Alveoli are classically described as a cluster of grapes, with each alveolus being a separate entity from the ones surrounding it. However, recent histologic research revealed that the actual structure is quite different and much more complicated. Numerous connections exist between alveoli, resulting in a complex system of airflow within the distal airways. Their shape is polygonal with flat sides rather than spherical, and each alveolus shares a common wall with its neighbors. They more likely resemble foam or froth than balloons.[1] The wall shared by two neighboring alveoli is called the inter-alveolar septum. It consists of a single layer of alveolar epithelial cells, capillary endothelial cells, and a variety of interstitial tissue in between. There are two distinct types of alveolar epithelial cells, namely, type I and type II pneumocytes. Type I pneumocytes cover around 95% of the entire surface area of alveoli and provide an excellent space for gas exchange. Type II pneumocytes produce surfactant, a vital substance that decreases the effects of surface tension, as discussed later in the article. They also function as stem cells that differentiate into both types of alveolar cells following lung damage.[2]

Function

The balance between the lungs' expanding and collapsing forces determines the size of an alveolus at any specific point in time. Lung recoil is the term used to describe the tendency of alveoli to rebound after being inflated. The primary determinant of lung recoil is surface tension, which is a force imposed by water molecules at the surface of liquids. It occurs whenever there is an air-liquid interface, as in the case of the interior lining of alveoli, and acts to minimize the surface area. The other principal determinant of recoil is the composition of the lung tissue itself, which has a high content of collagen and elastin fibers giving it large elastic properties. Even though these collapsing forces are crucial to exhale air after an inspiration, they must be counteracted by expanding forces at end-expiration to prevent alveolar collapse.[1] One of the principal forces that prevent atelectasis, or complete airway closure, is the extensive collagen extracellular matrix (ECM) running throughout the interalveolar septa.
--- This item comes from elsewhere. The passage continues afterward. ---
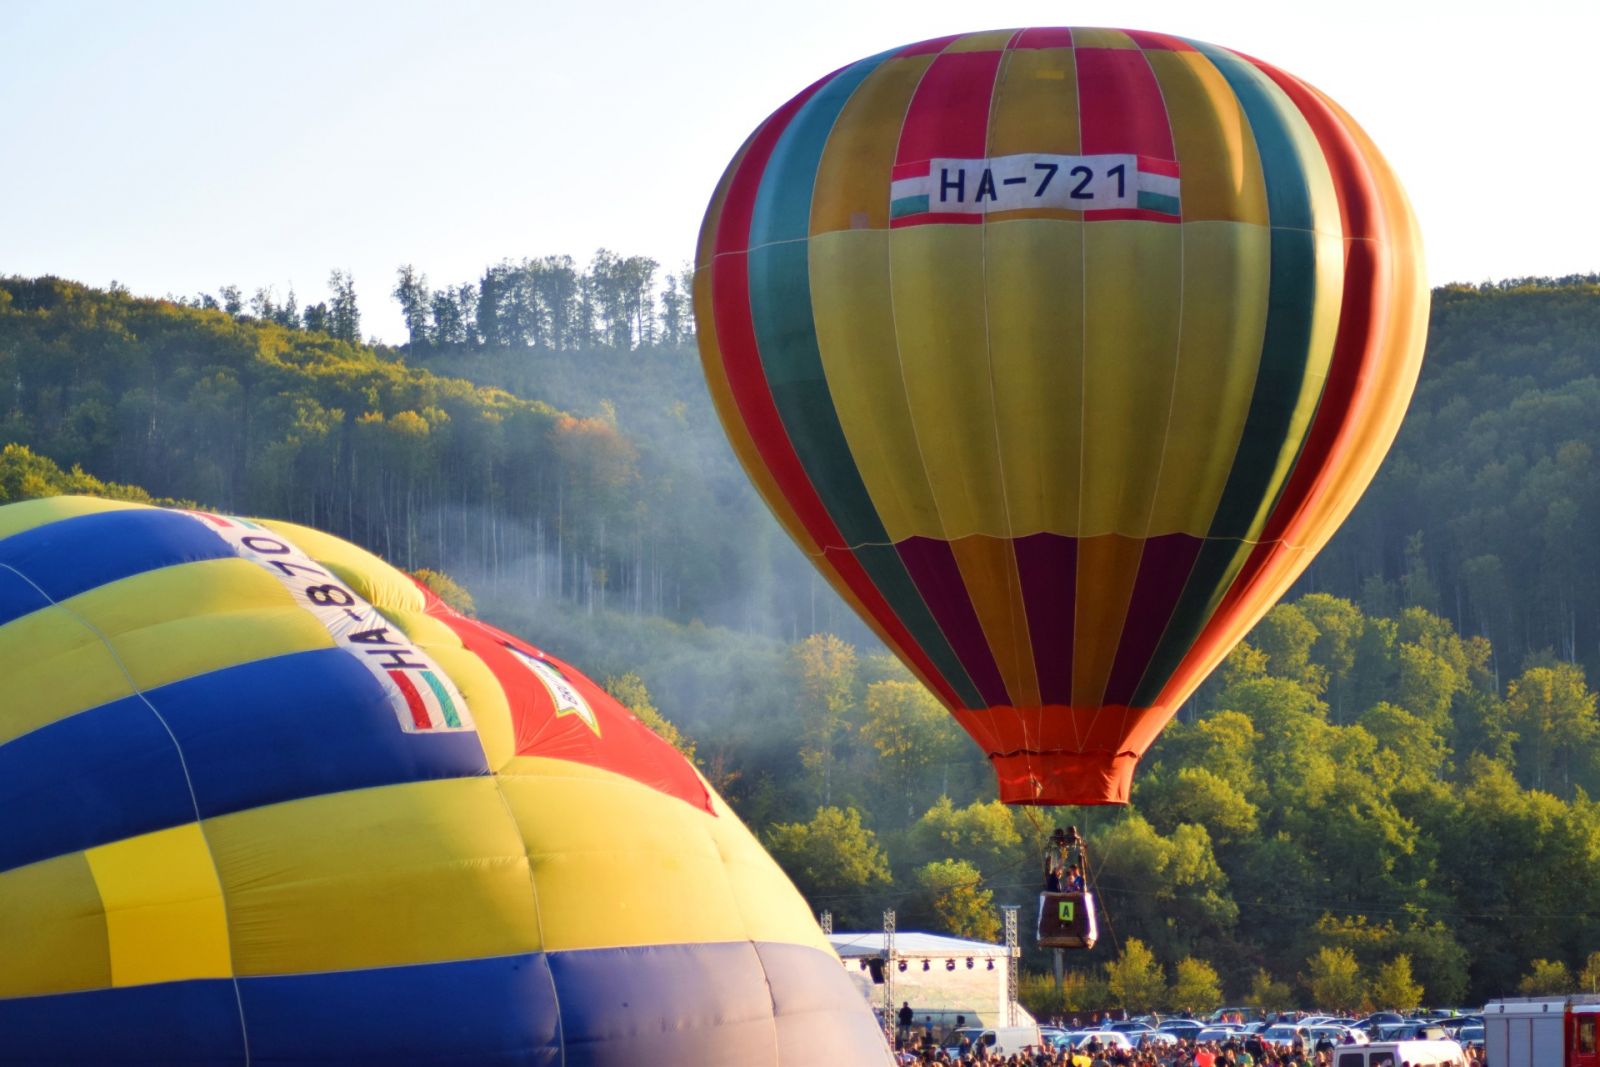 Egymást követték a hőlégballonok: egyik a másik után emelkedett a levegőbe, a bátrabb résztvevők pedig felszállhattak velük a magasba.

The ECM is rich in fibroblasts that provide "radial traction," i.e., forces pulling in all directions away from the center of each alveolus, keeping it inflated. The other factor that prevents alveolar collapse is the presence of surfactant, a substance produced by type II pneumocytes. Further explanation of the role of pulmonary surfactant and surface tension first relies on an understanding of the physical interactions of water molecules with one another.[2]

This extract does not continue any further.